Why smarter order scheduling matters

When you buy a product that must be built to order, you probably expect it to arrive on time, even if you click “order” at the last minute. Behind the scenes, factories are juggling a flood of electronic orders from many customers while also handling older, pre-planned orders. This paper looks at how traditional manufacturing plants can use mathematical modeling and clever search algorithms to schedule these online orders more intelligently, cutting waiting times for customers without overworking people or machines.

The rise of always-on electronic orders

Many manufacturers now take orders in two ways at once: classic "offline" orders that are forecast and planned in advance, and online Electronic Data Interchange (EDI) orders that arrive directly from customers’ computer systems. EDI orders are faster, less error-prone, and cheaper to process, but they are also more volatile: customers can move dates forward, push them back, or cancel at short notice. EDI customers often demand very tight delivery windows, with only a few days of tolerance, so factories cannot simply queue these jobs in the old-fashioned first-come, first-served style. Instead, each production line must serve several EDI orders in parallel, sharing its time among them. This shift from one-at-a-time to many-at-once service creates a new type of scheduling puzzle that existing planning tools were not designed to solve.

Turning the factory into a queueing system

The author models the online EDI part of the factory as a queueing system, much like customers lining up at a bank where tellers can help several people at different stages of service. Time is divided into short slots, and orders arrive randomly with rates that can change from slot to slot during the day, capturing real peaks and troughs in demand. Each production line can work on several orders at once up to a fixed limit, and the speed of completing each order depends on how many are being handled in parallel. The model also respects practical rules: workers need rest between shifts, there are bounds on shift lengths, and at least one line must be running in every time slot. On top of this, the factory wants to keep the chance of an excessively long queue very low, not just keep the average queue short, because long backlogs quickly damage service levels and customer trust.

Using probability tools to measure performance

To judge any proposed schedule, the study uses a mathematical framework called a time-varying Markov chain, combined with a technique known as uniformization.
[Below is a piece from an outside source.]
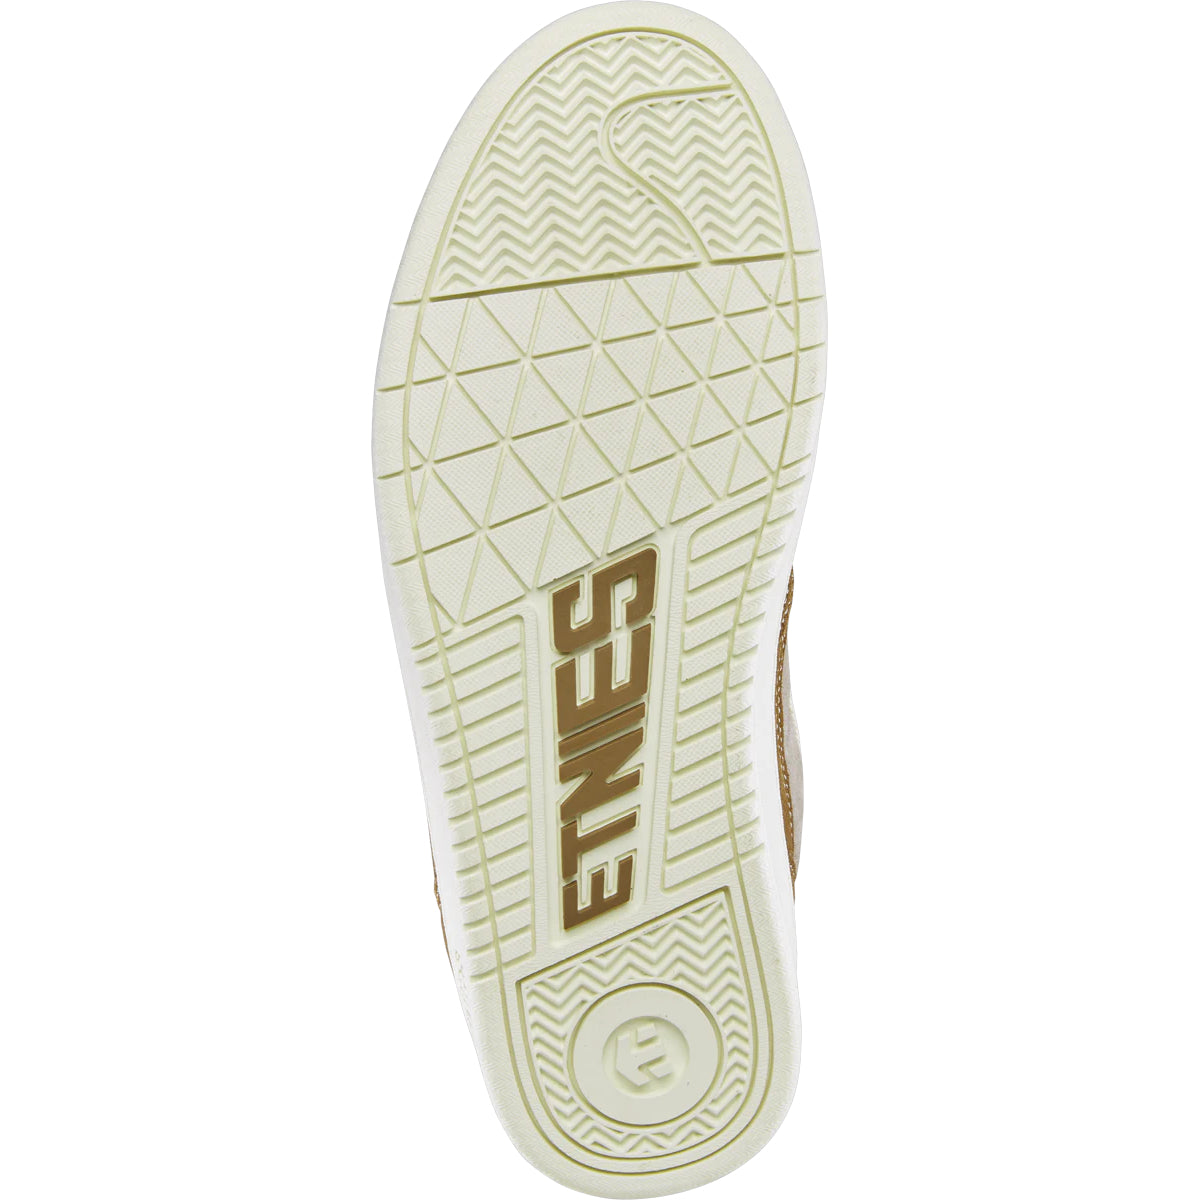 Tan/Brown/Grey Snake Etnies Skate Shoe Bottom

In plain terms, this allows the researcher to track how the probability of every possible system state (how many orders are waiting and being processed on each line) evolves over time as orders arrive and finish. From these probabilities, the model can compute key measures such as how long orders spend in the system, how often queues exceed a safe threshold, how many production lines are active in each slot, and how much overtime workers are likely to need at the end of the day. Crucially, this analytical method produces highly accurate estimates much faster than running massive computer simulations alone, making it practical to evaluate many alternative schedules while searching for improvements.
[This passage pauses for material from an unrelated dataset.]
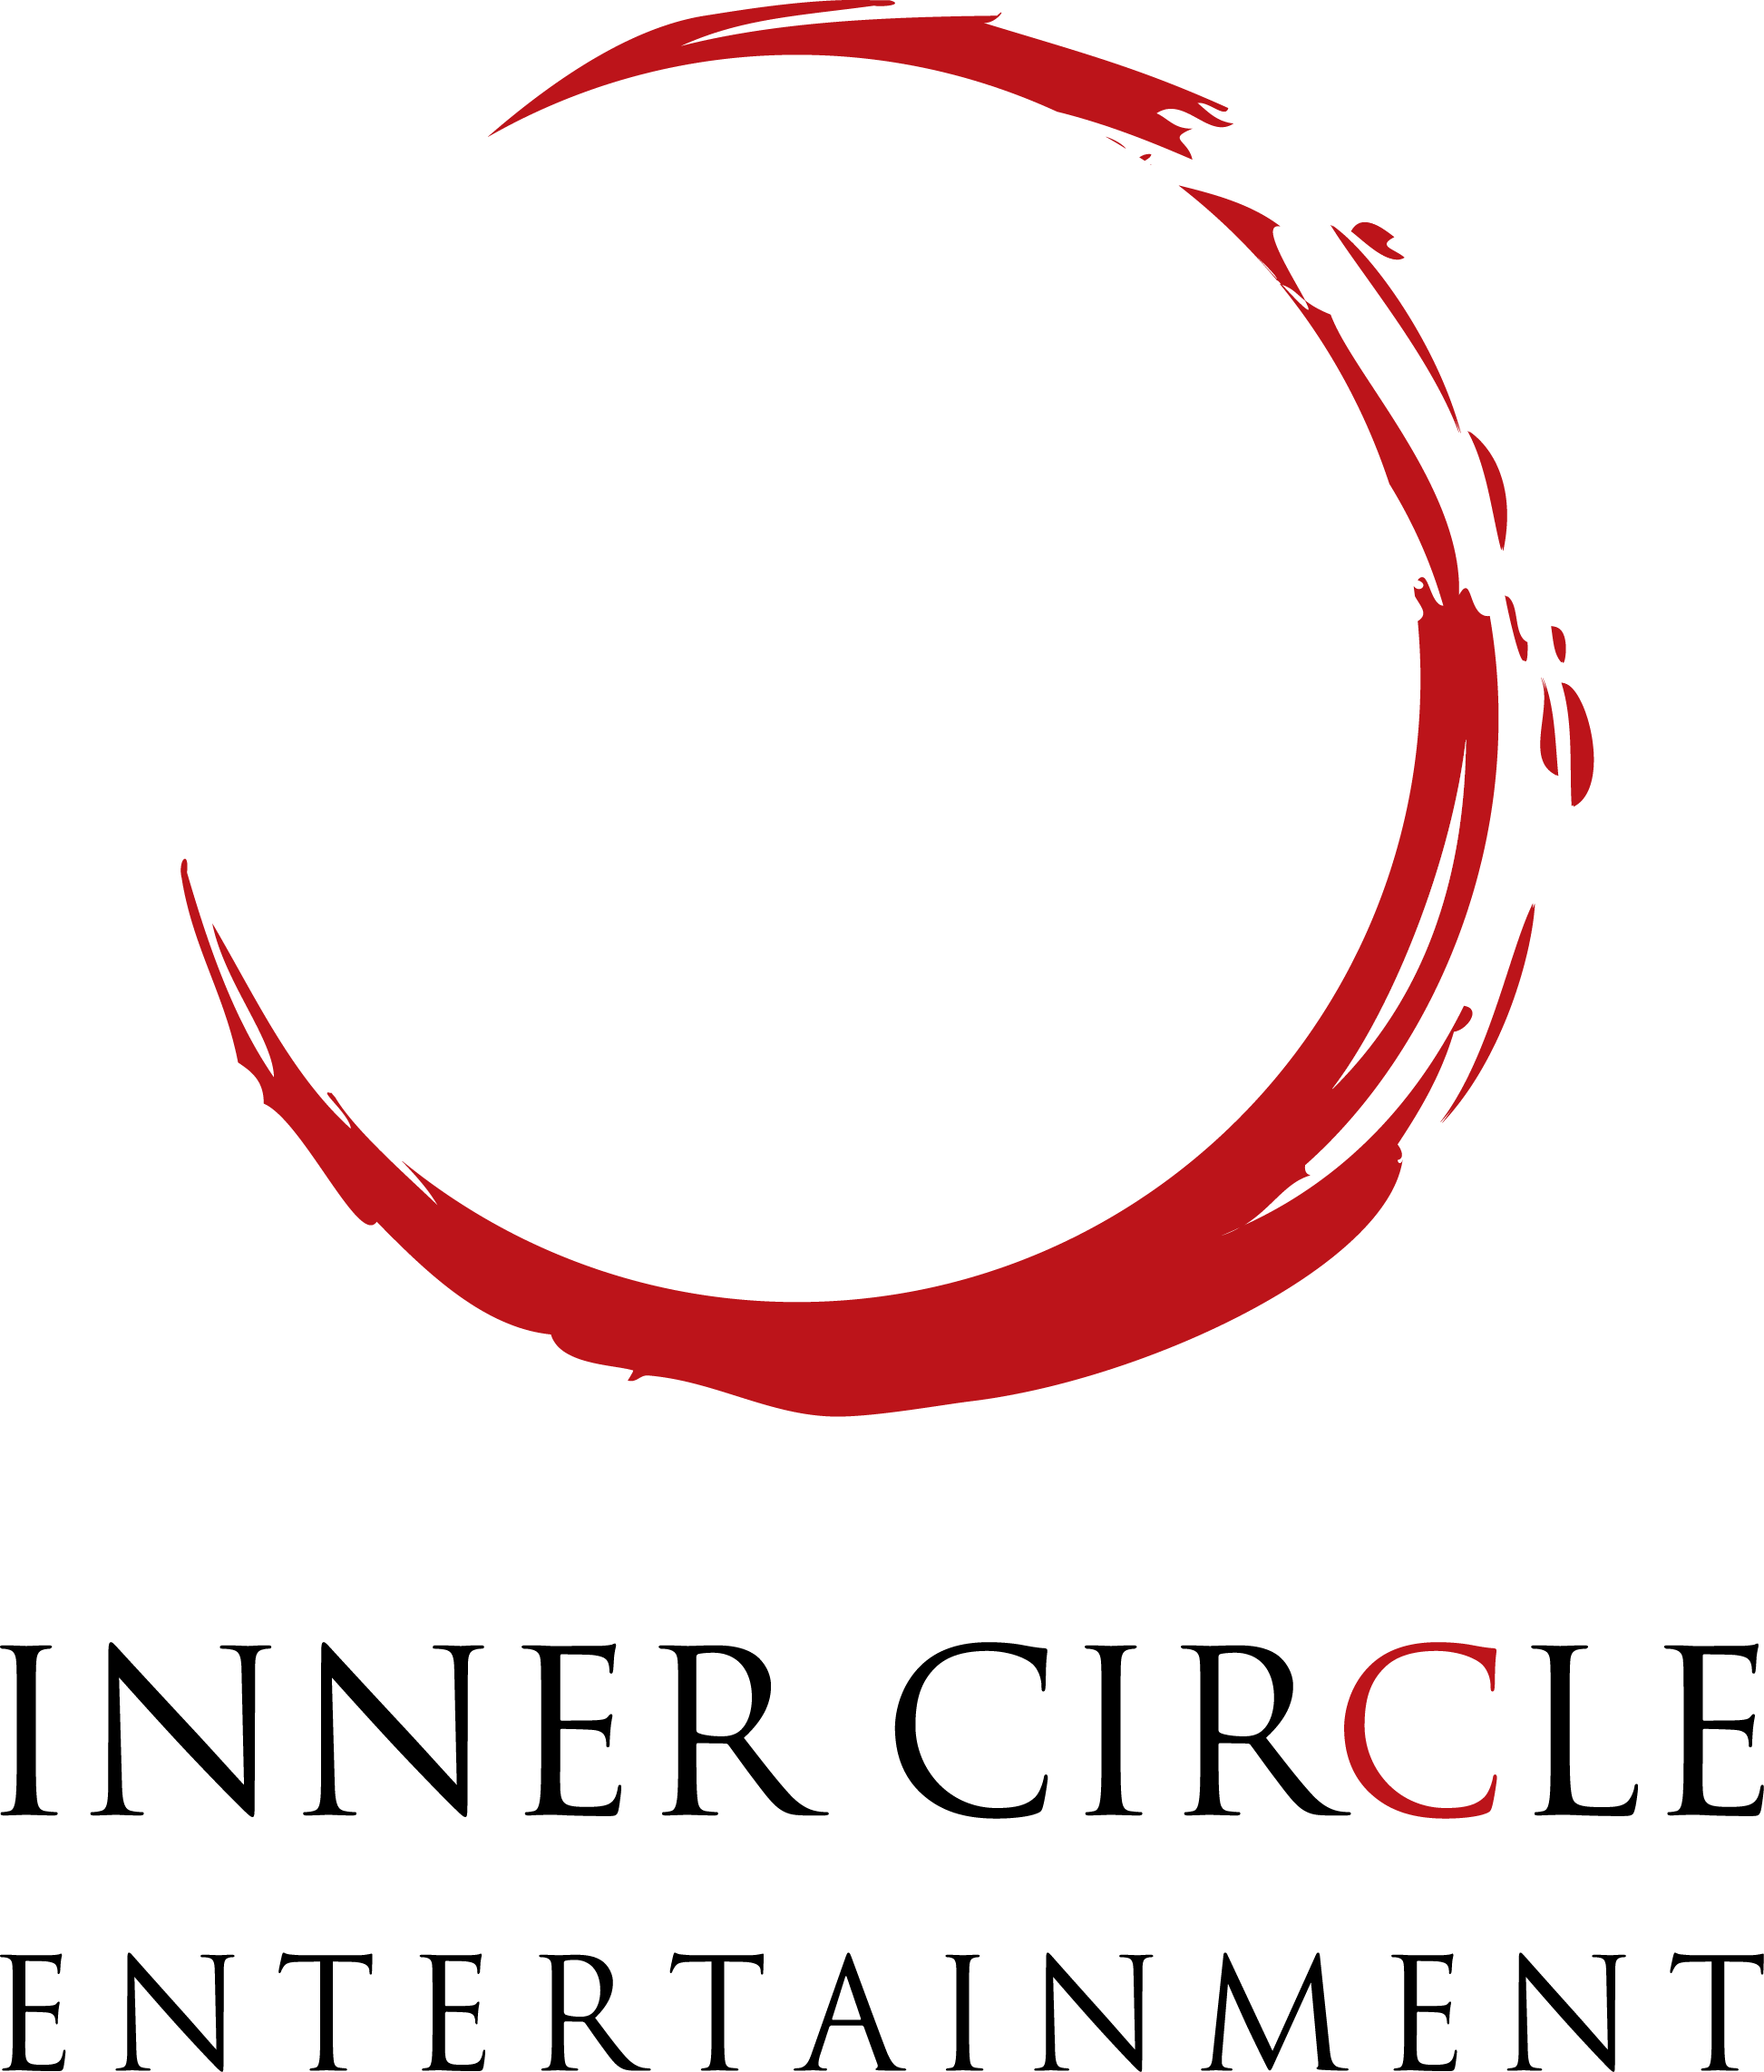 Red Circle Entertainment Logo - innercircle.co.za

A search strategy that learns better schedules

Building on this evaluation engine, the paper designs a Variable Neighborhood Search (VNS) algorithm to hunt for good schedules. It starts from a reasonable initial shift plan for the production lines and then repeatedly “shakes” the plan by randomly modifying a few shifts, followed by local, step-by-step adjustments such as nudging start and end times, adding or removing shifts, or shifting them forward and backward. After each change, the Markov-based method quickly re-estimates backlog times, overtime, and operating costs. If a new schedule performs better, the algorithm keeps it as the new reference point; if not, it tries a different type of change. Tests on real order data from a manufacturing firm, covering both ordinary days and days with surges of urgent EDI orders, show that VNS finds schedules that beat both the company’s existing plans and an established heuristic method called simulated annealing, while using far less computing time.
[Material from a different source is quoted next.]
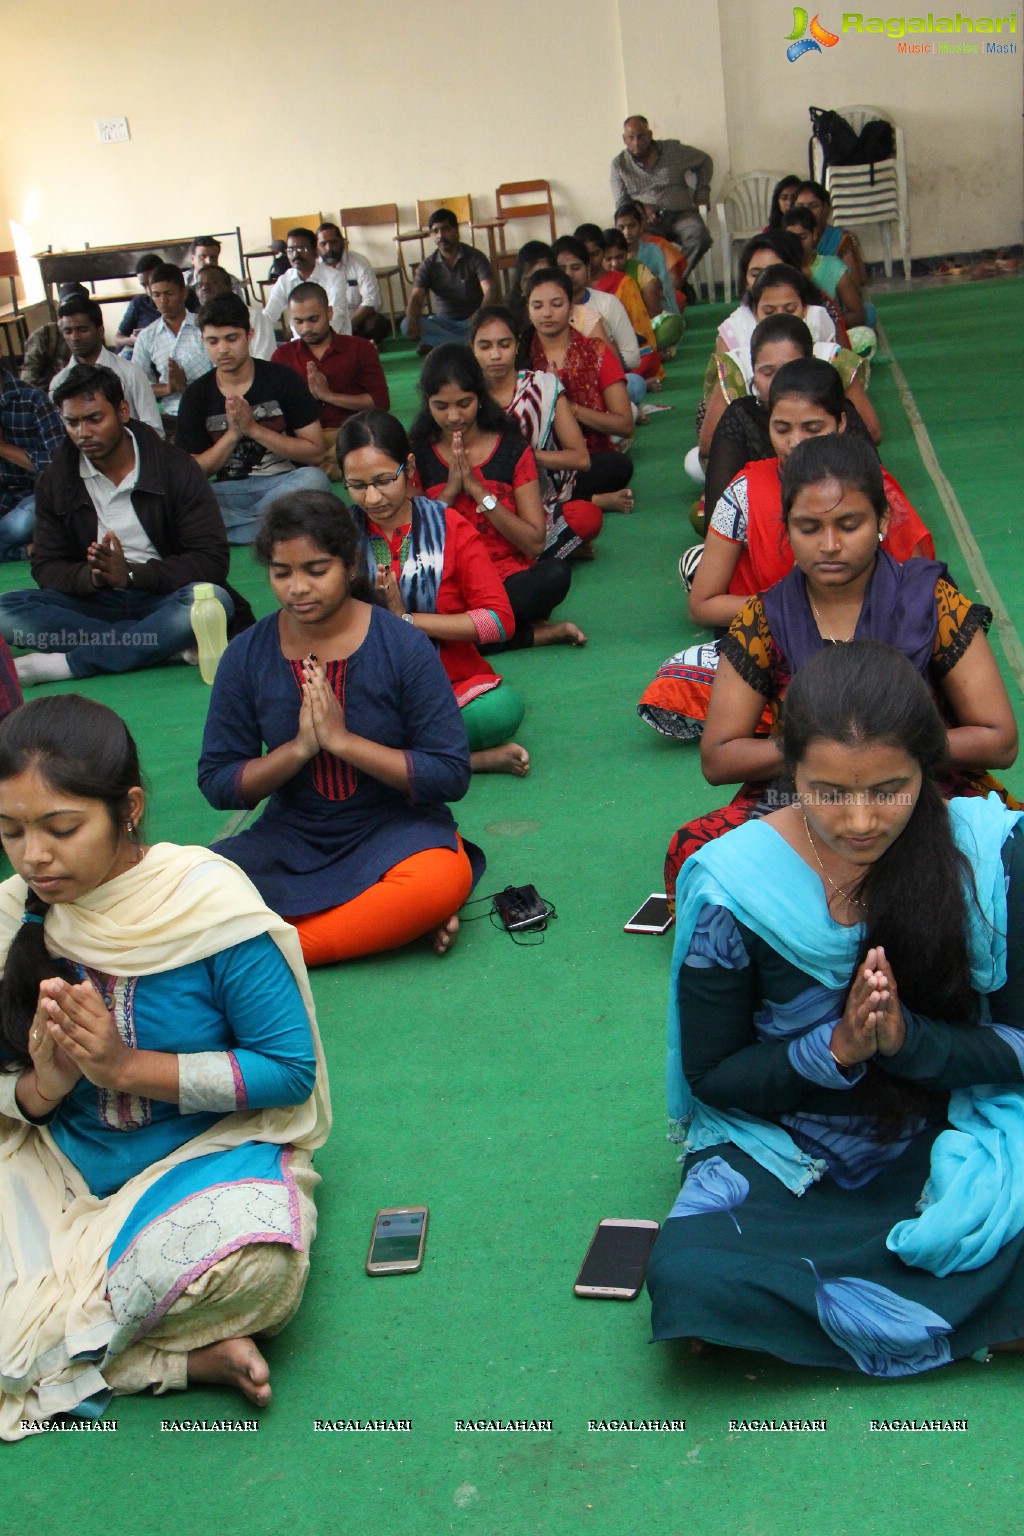 Yoga Guru Mansi Gulati's Yoga Program 'Self Transofrmation with Yoga' at Nizam College, Hyderabad

What this means for factories and customers

For non-specialists, the bottom line is that this approach helps factories decide when to run each line and how many orders to process in parallel so that customers wait less without dramatically increasing overtime or machine use. The model keeps queues under control with high reliability, smooths out peaks in workload by better matching capacity to incoming demand, and remains effective even when the assumptions about processing times are relaxed. In practice, this means more dependable delivery dates for customers, more efficient use of production resources, and a more resilient response to sudden spikes in online orders—key ingredients for the human-centered, flexible manufacturing vision associated with Industry 5.0.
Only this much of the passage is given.